▶ DATASET EXTRACT:

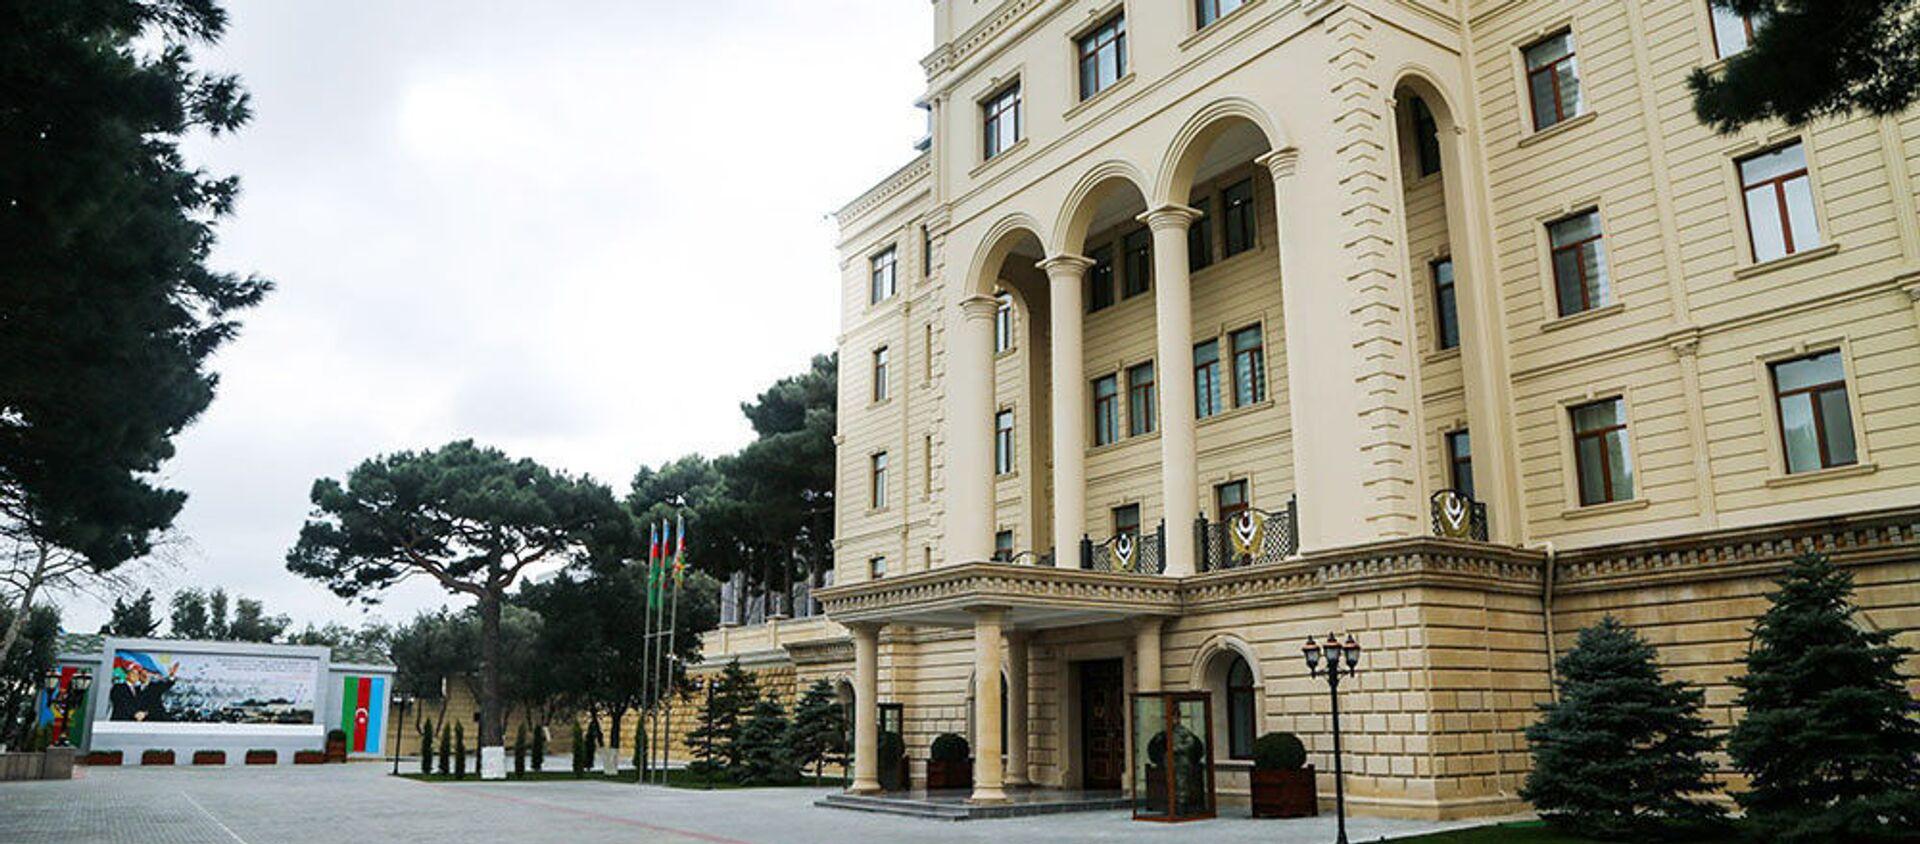 Здание министерства обороны Азербайджана - Sputnik Արմենիա, 1920, 12.09.2021
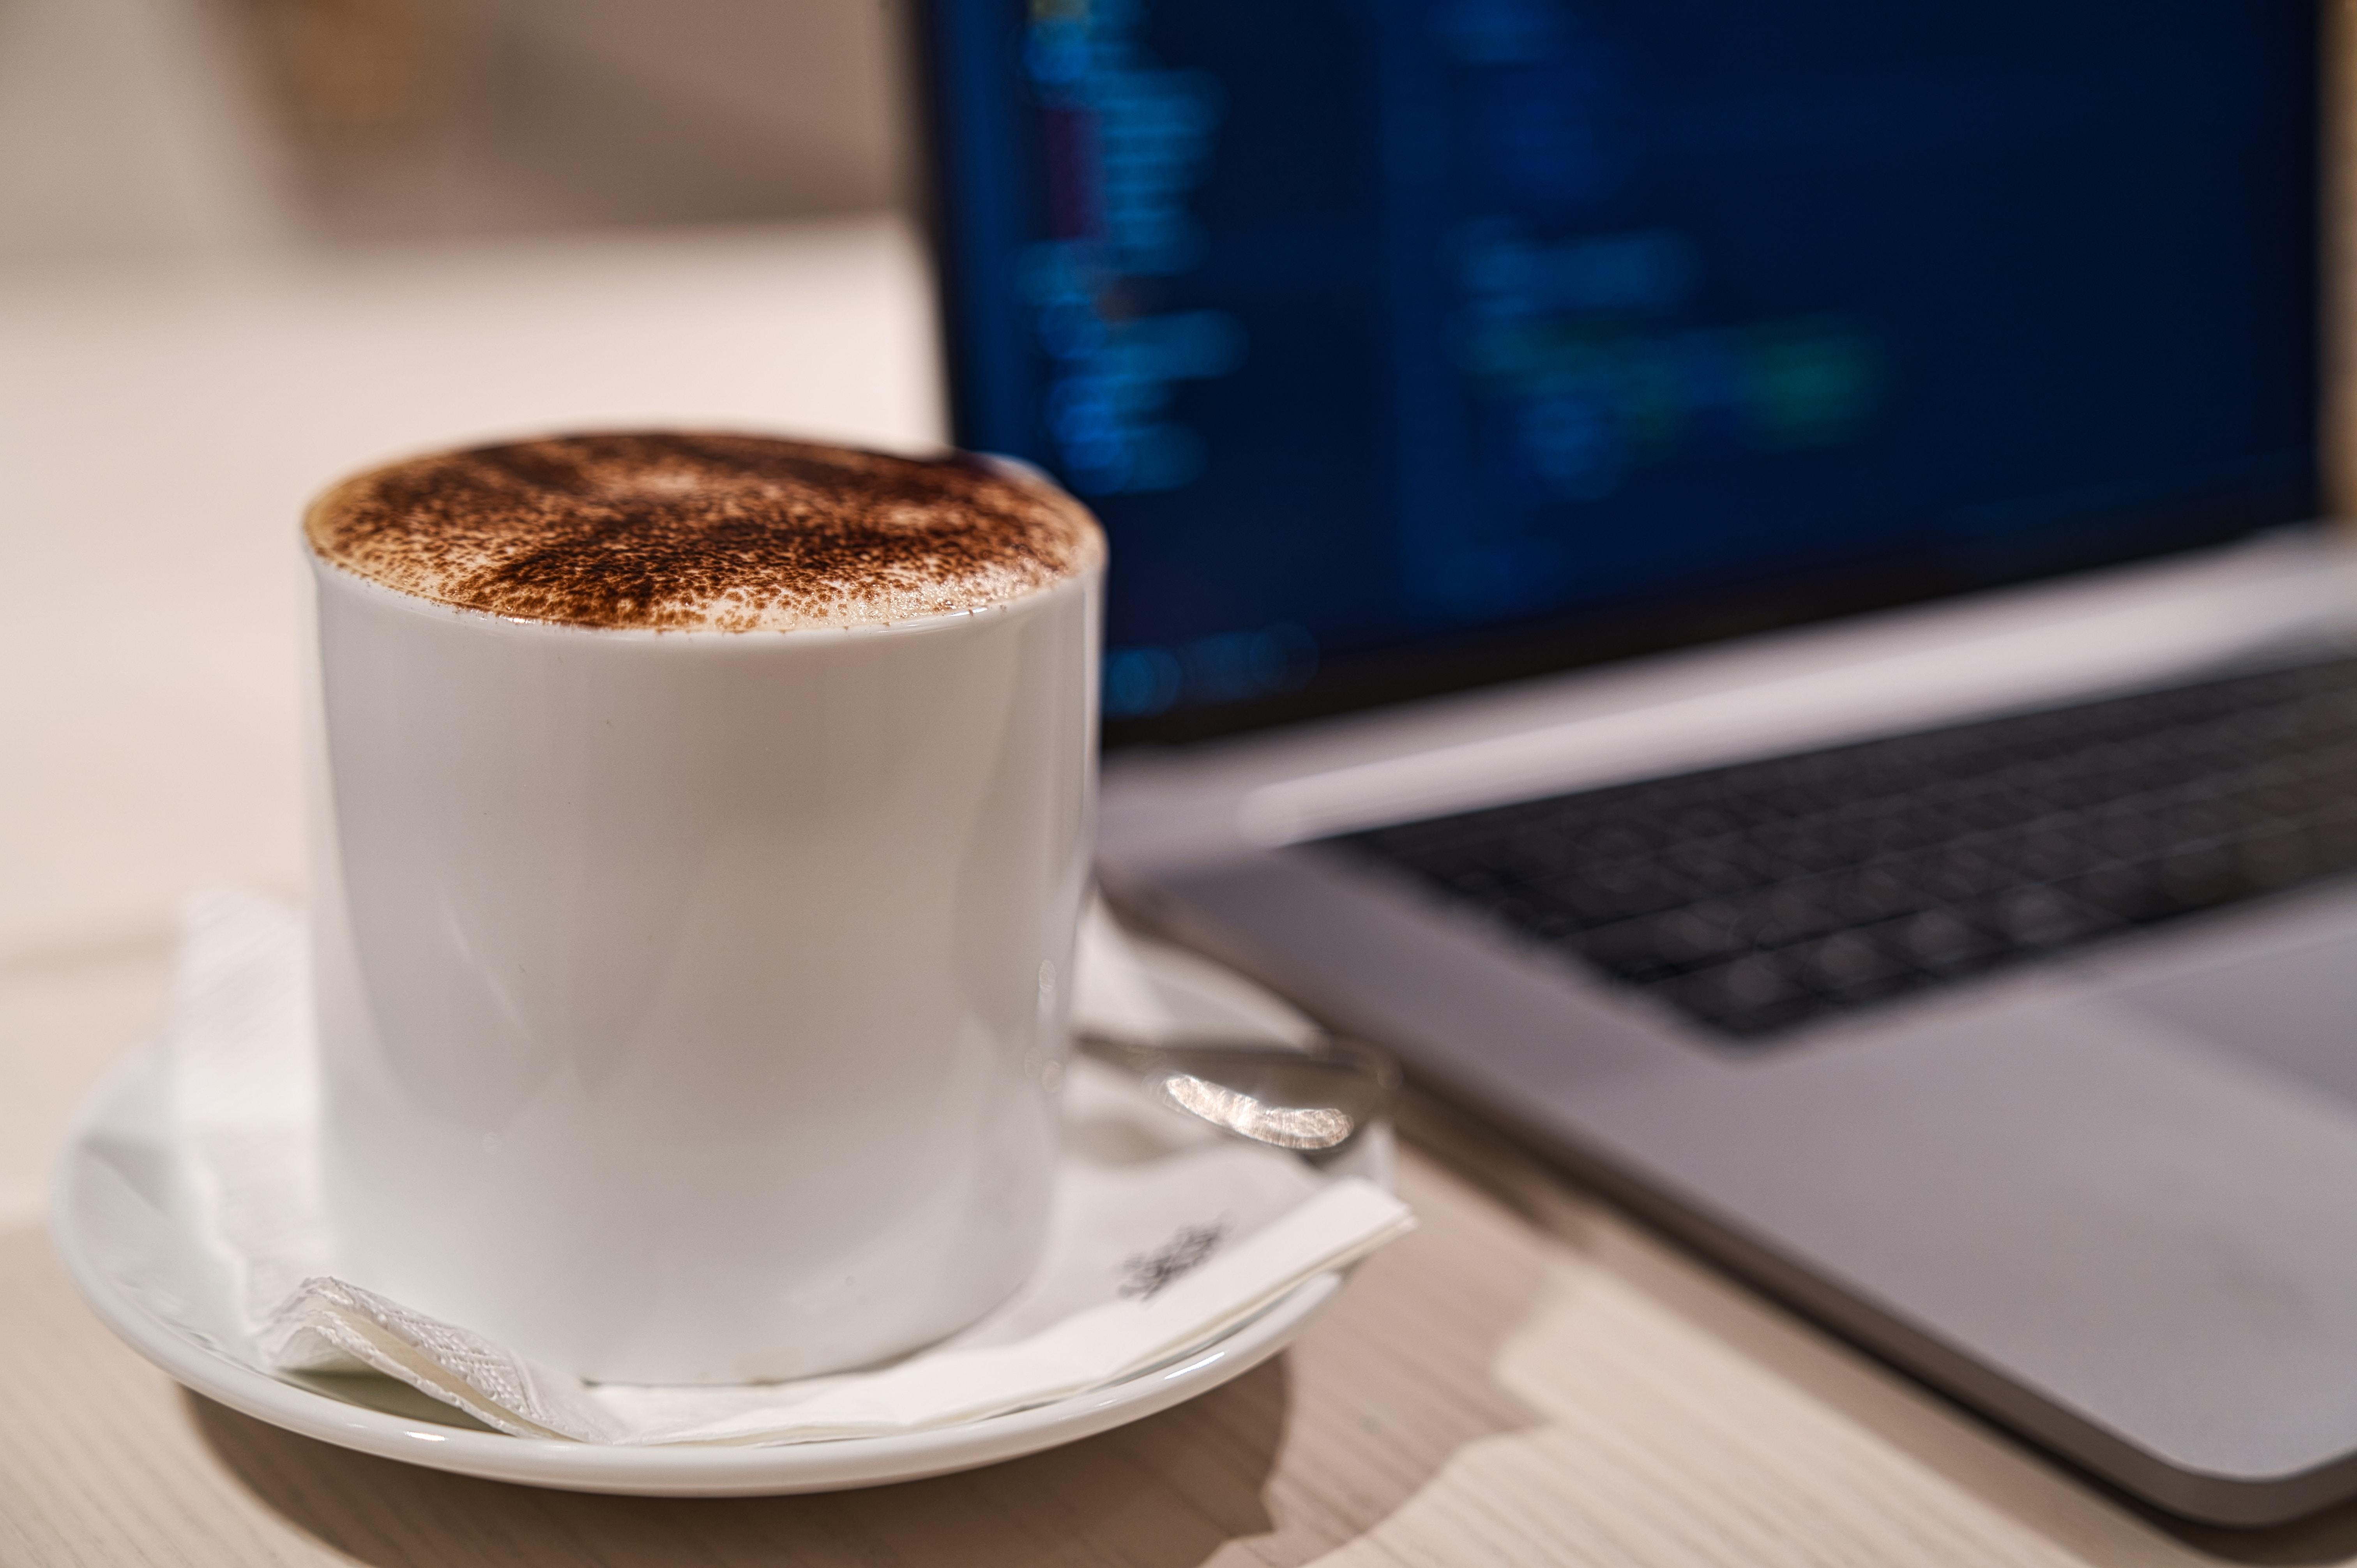 CoffeePerks
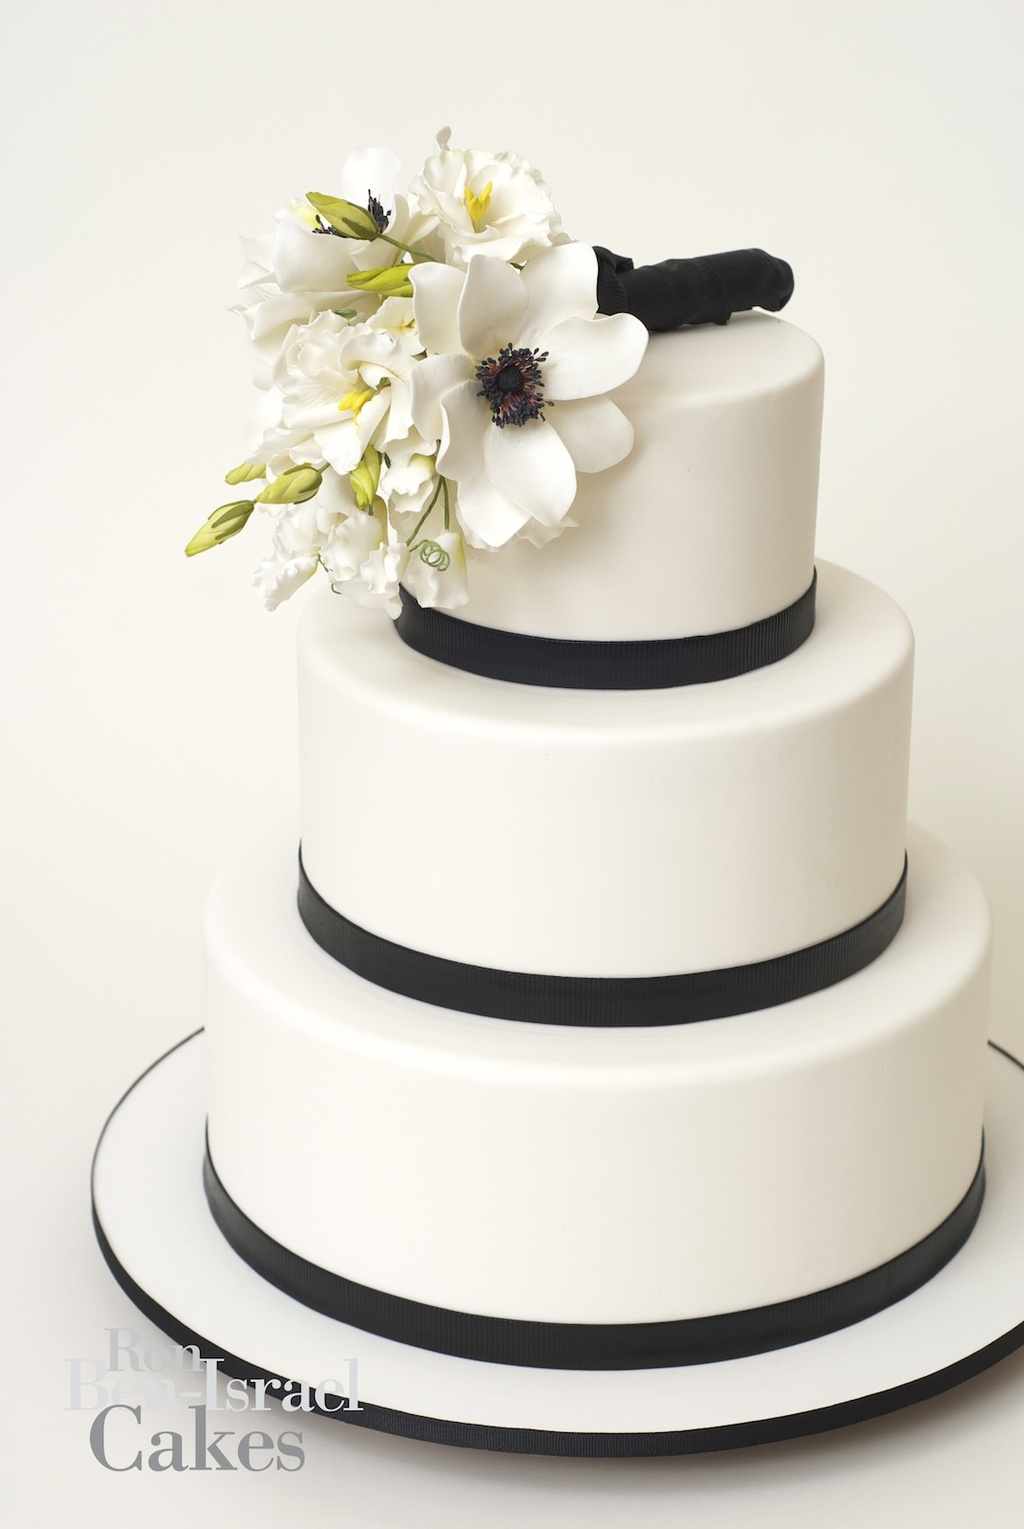 wedding-cake-inspiration-Ron-Ben-Isreal-wedding-cakes-white-black ...
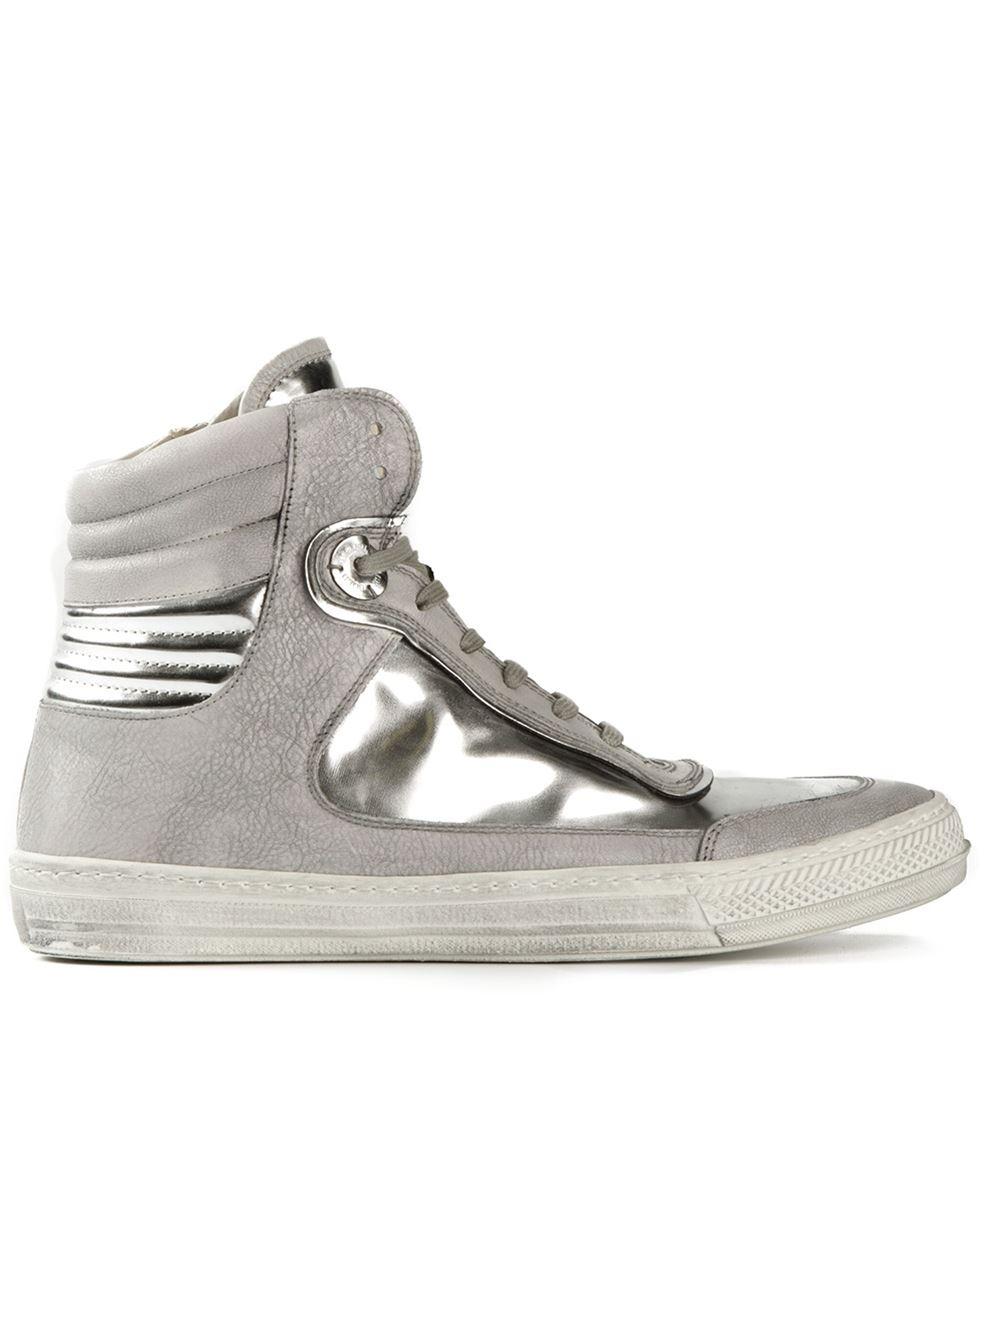 c411a865613d Lyst - Diesel Black Gold Metallic Hi-Top Sneakers in Metallic for Men

▶ EXERCISE GOAL:
With the images excluded, reproduce the data above precisely as written.

▶ ANSWER FOR THIS EXERCISE:
 Здание министерства обороны Азербайджана - Sputnik Արմենիա, 1920, 12.09.2021
 CoffeePerks
 wedding-cake-inspiration-Ron-Ben-Isreal-wedding-cakes-white-black ...
 c411a865613d Lyst - Diesel Black Gold Metallic Hi-Top Sneakers in Metallic for Men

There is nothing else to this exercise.